When Tom did not comment, Bud cast a curious glance his way. To his surprise, the young inventor was frowning—and pale!

"Look at this," Tom said in a raspy voice, pointing at a corner of the screen.

Again Bud shrugged. "Yeah, one of the space symbols."

"Without a translation under it. And that’s because it’s not complete."

"Guess they were called away from the phone." Bud looked again at his pal’s expression. "But this isn’t a joke, is it."

"The space symbols modify one another, clustering together in groups that show the relation of concepts," Tom reminded him. "The symbol for ‘proceed’ made it through, but
this
one was cut off—we got just the bare bones. Bud, I’m sure it would have been the symbol for negation!"
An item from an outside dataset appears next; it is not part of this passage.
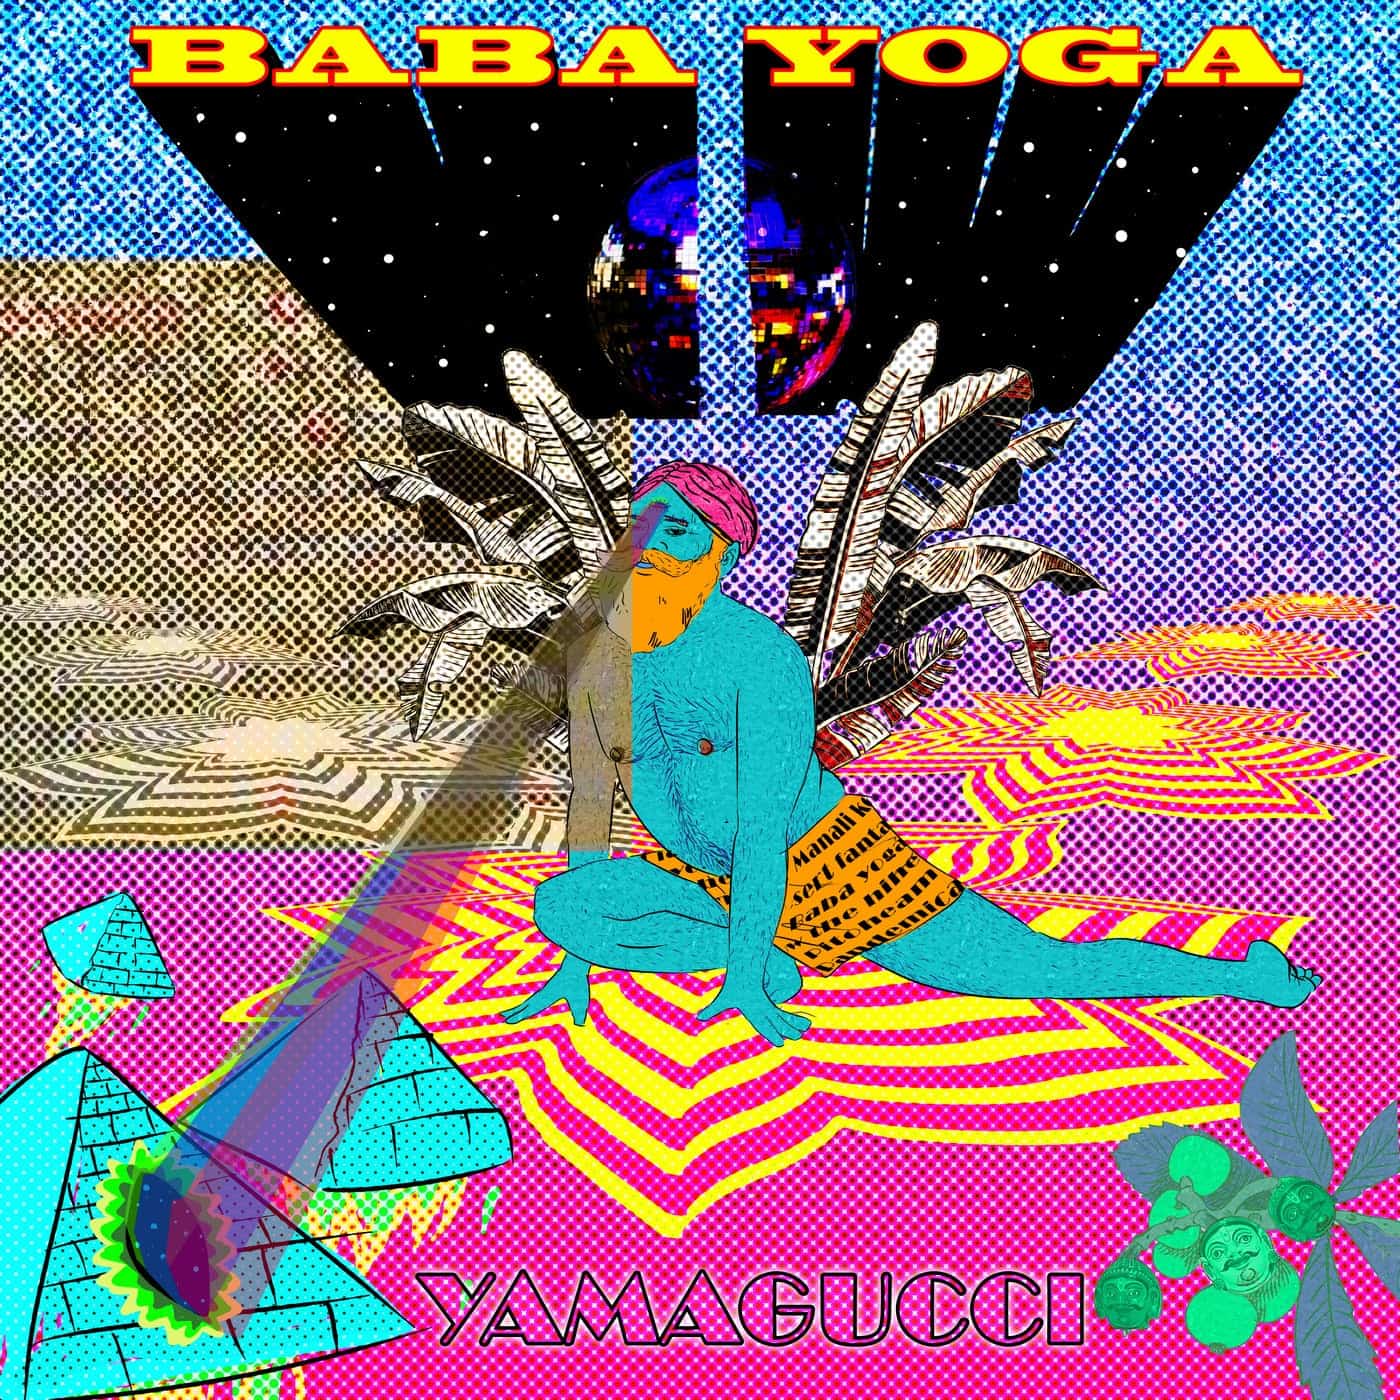 image cover: Yamagucci - Baba Yoga / MCH011
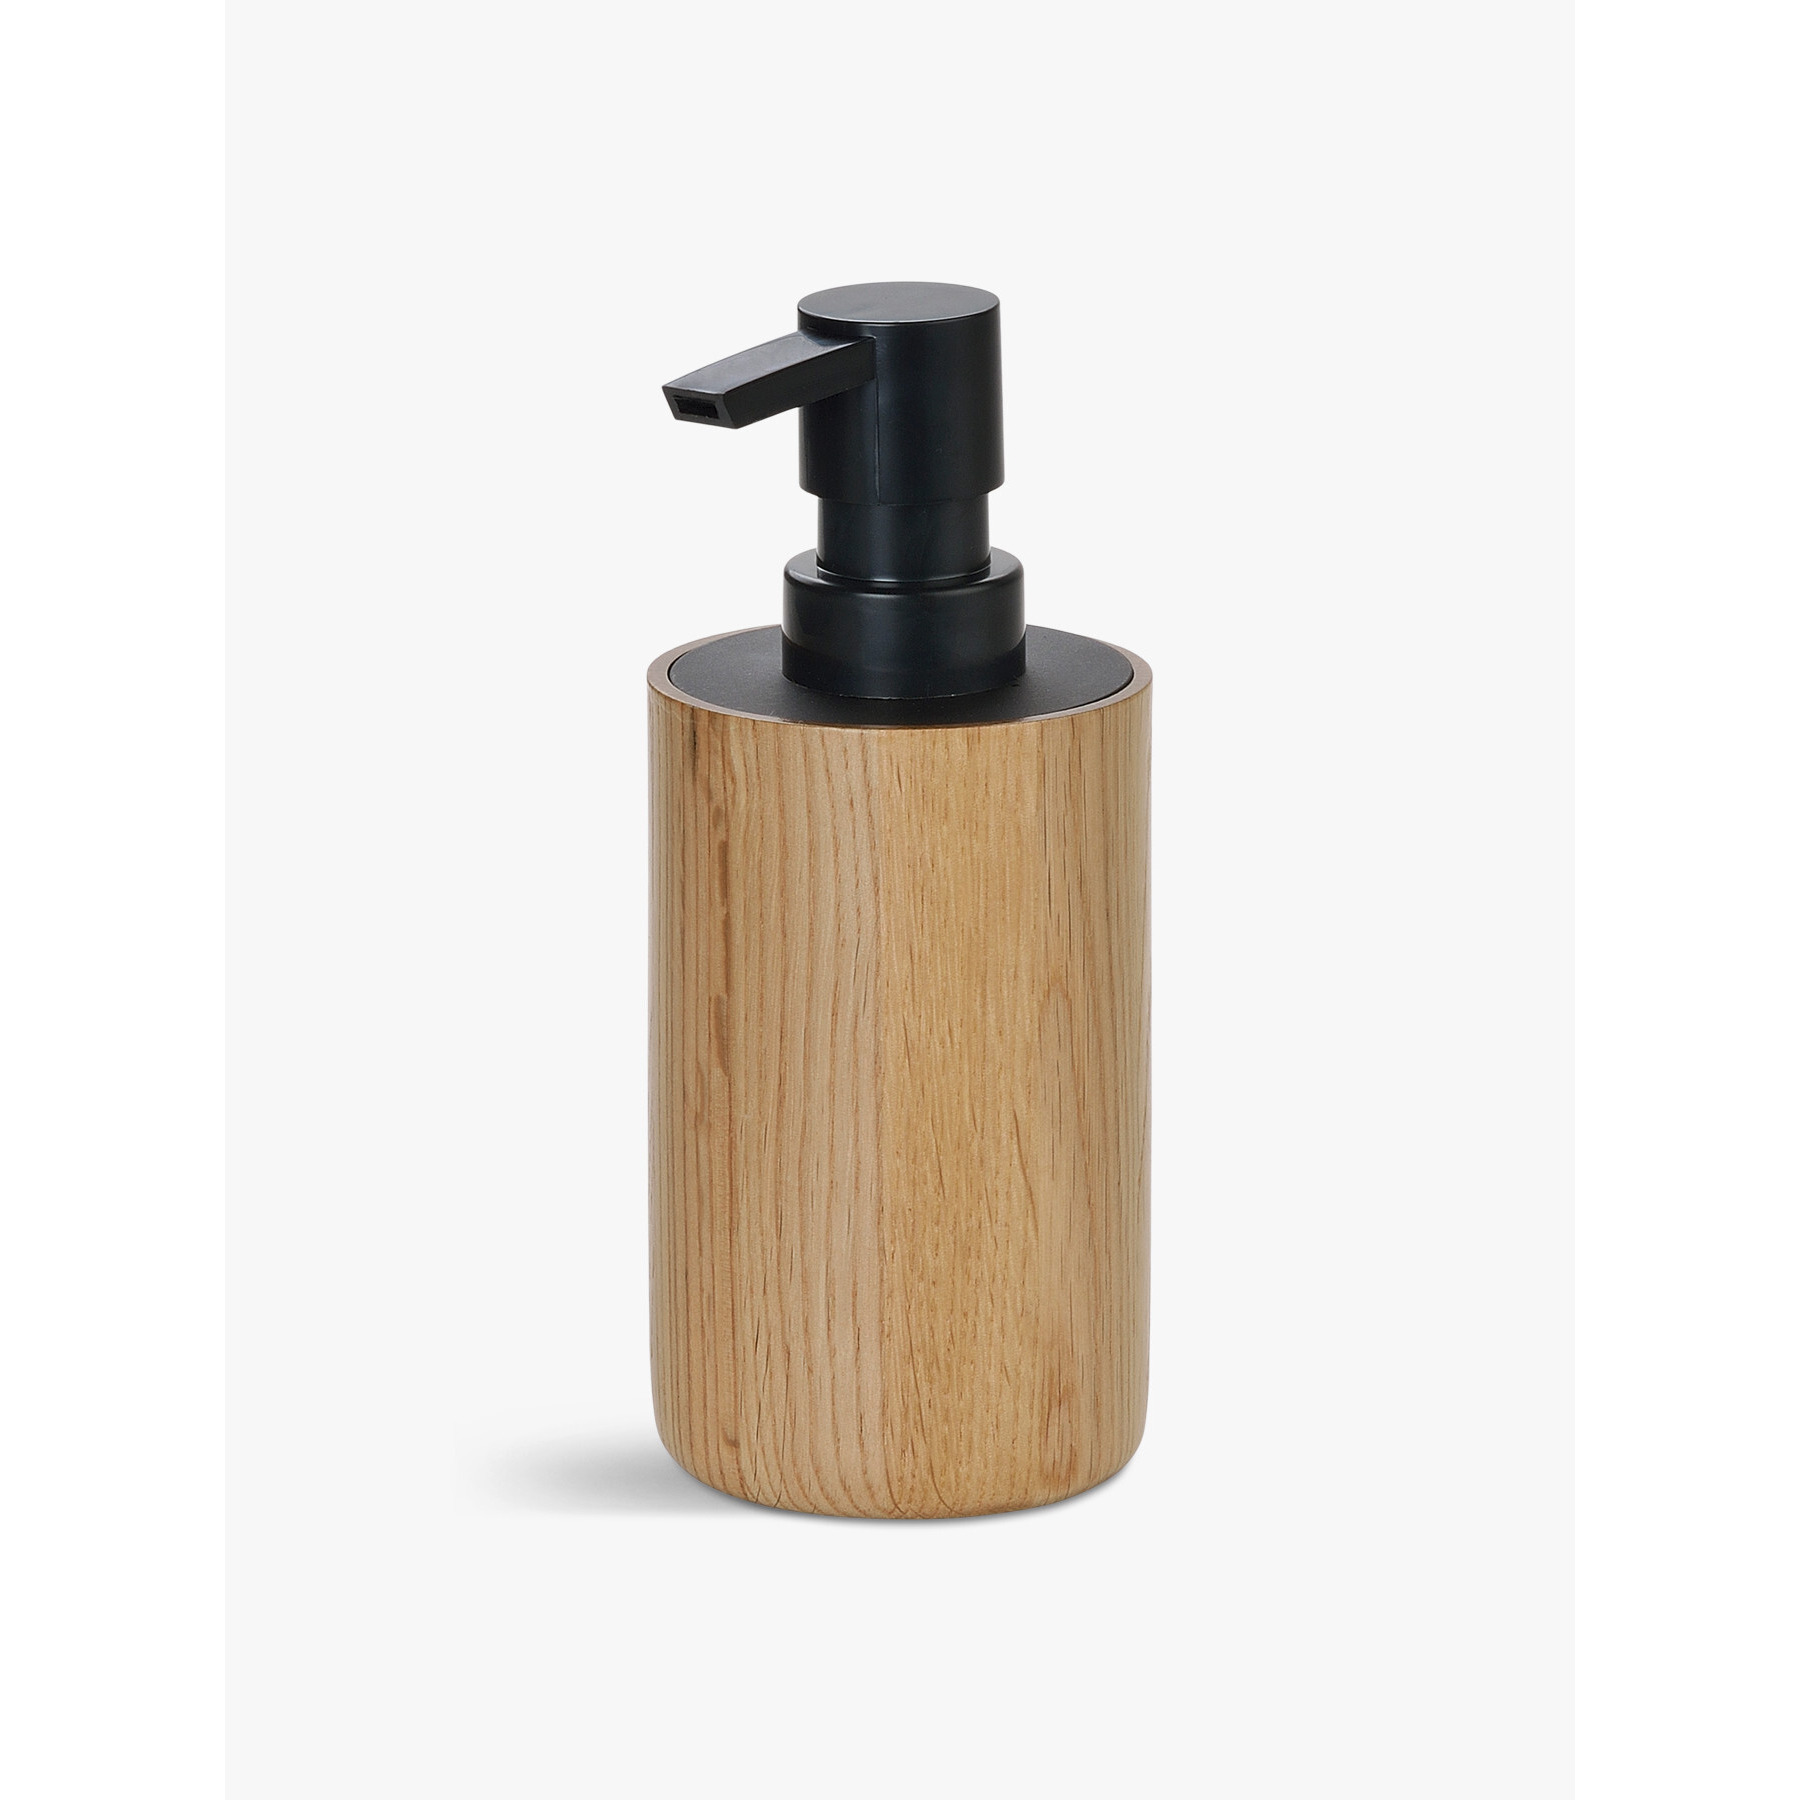 Andrea House Black Oak Soap Dispenser - image 1

"Huh? Negation?" Then the young pilot’s eyes grew wide with alarm. "Jetz! They’re saying
don’t
proceed!"

"Otherwise known as
Stop
!" Tom rushed to Hannah’s side and directed her to bring the ship to a full stop as rapidly as possible, station-keeping high above Little Luna. The
Challenger
began a sudden deceleration, pressing her crew downward against the deck as if they’d been turned to lead.

"Full stop and hover mode," Hannah reported. "Altitude 481.4 miles, extended radial from Nestria surface."

"What do you think’s going on, boss?" asked another member of the crew, Bob Jeffers, a veteran of Swift Enterprises space flight.